Top of Recorded information
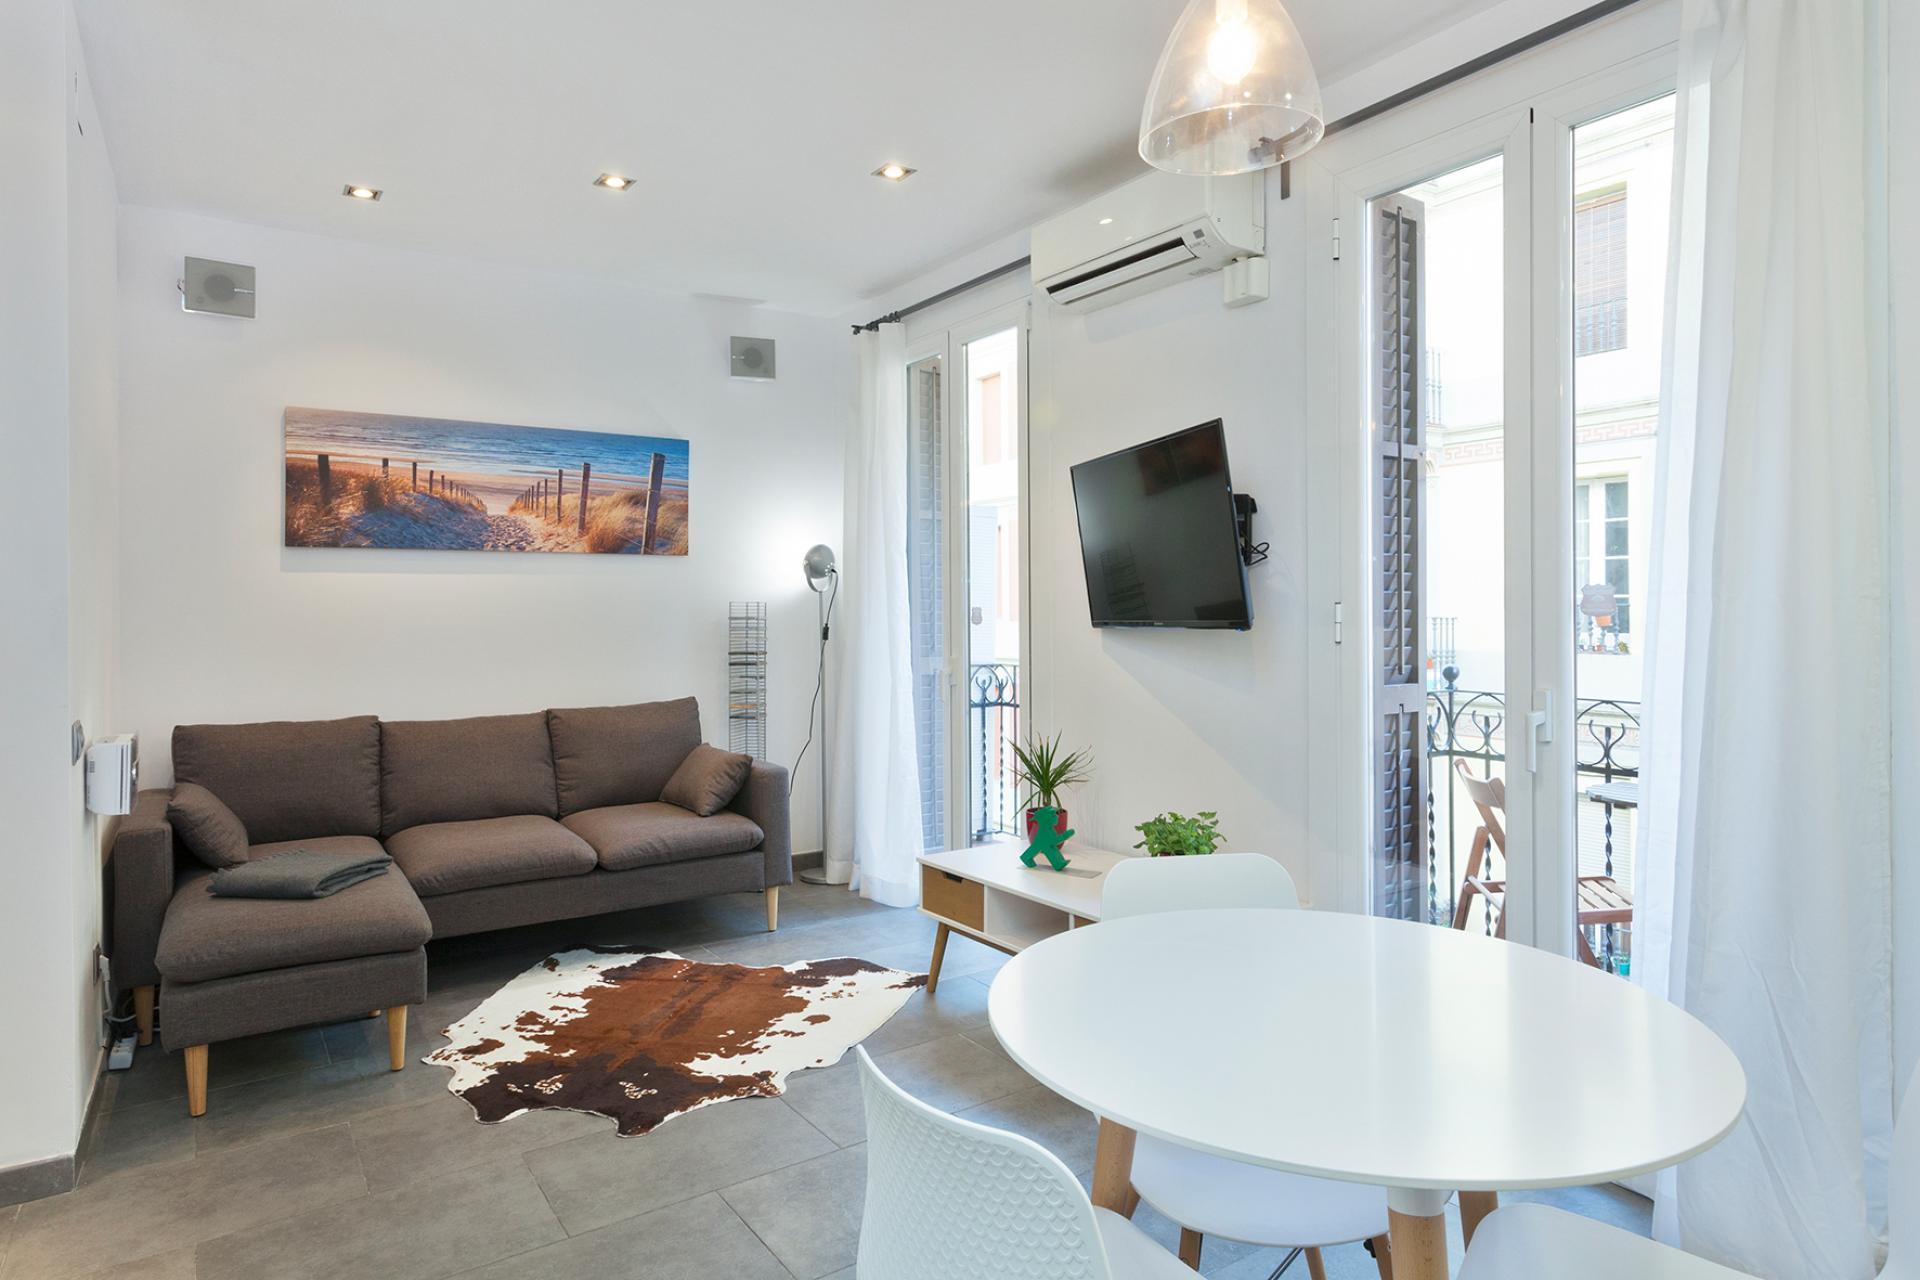 Piso con 2 habitaciones dobles – Carrer Magalhaes
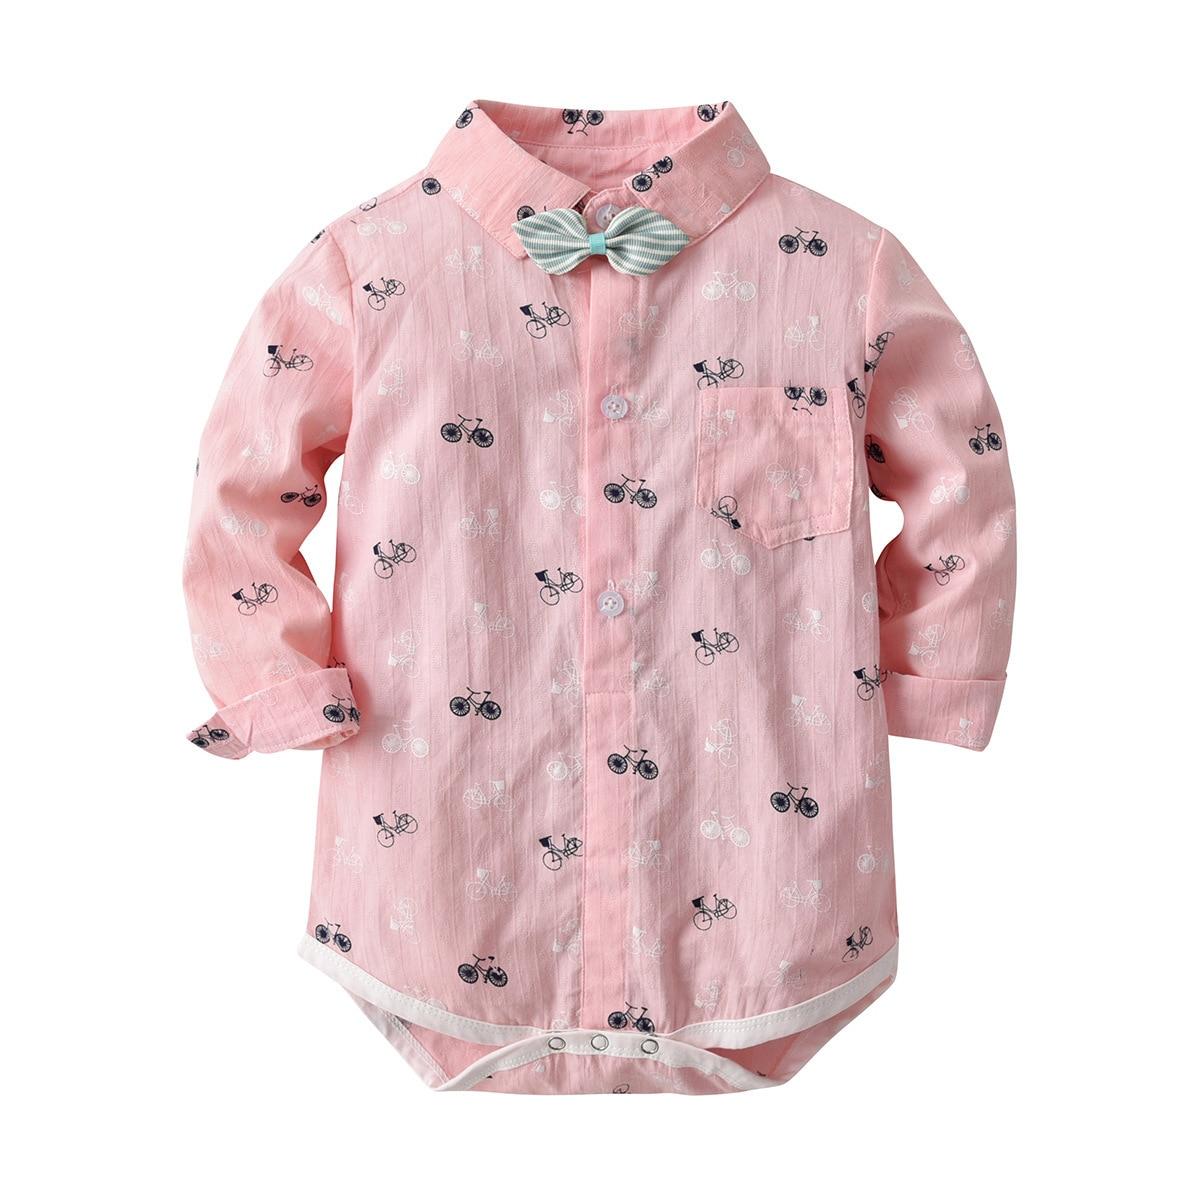 Детский комбинезон Oklady с коротким рукавом из 100% хлопка Одежда для новорожденных
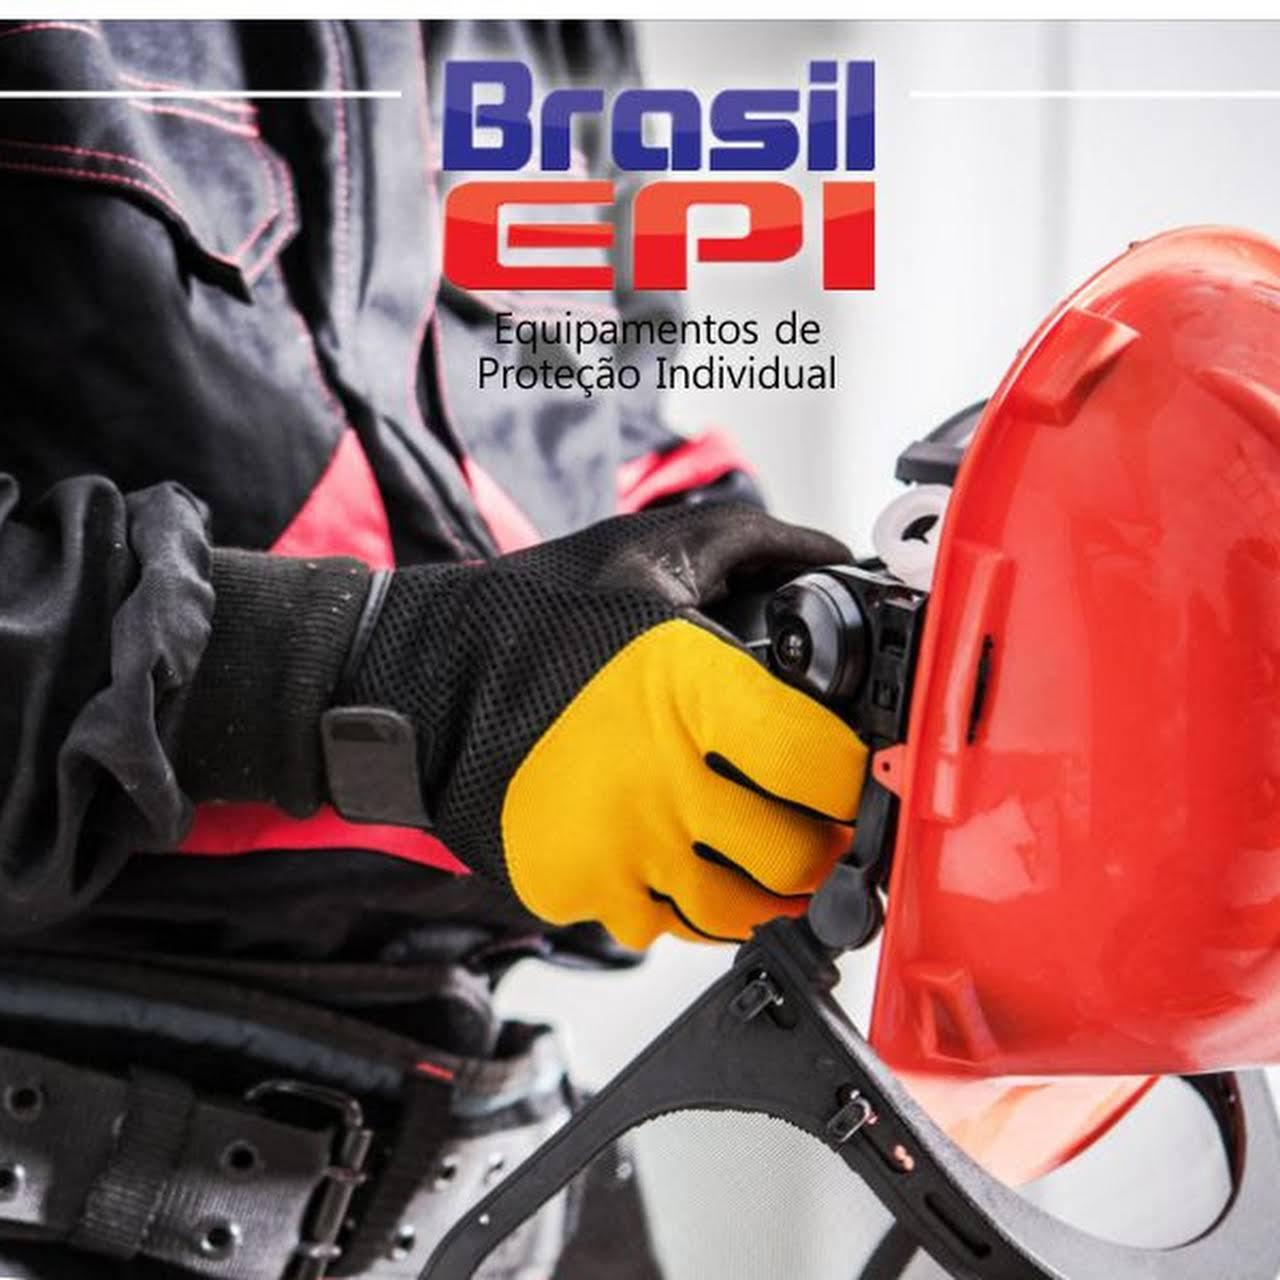 eb1c01b47c695 Brasil EPI - Equipamentos de Proteção Individual - Loja de ...
Bottom of Recorded information
**Required work**:
Print the complete listing exactly, apart from any pictures.

**Exercise result**:
 Piso con 2 habitaciones dobles – Carrer Magalhaes
 Детский комбинезон Oklady с коротким рукавом из 100% хлопка Одежда для новорожденных
 eb1c01b47c695 Brasil EPI - Equipamentos de Proteção Individual - Loja de ...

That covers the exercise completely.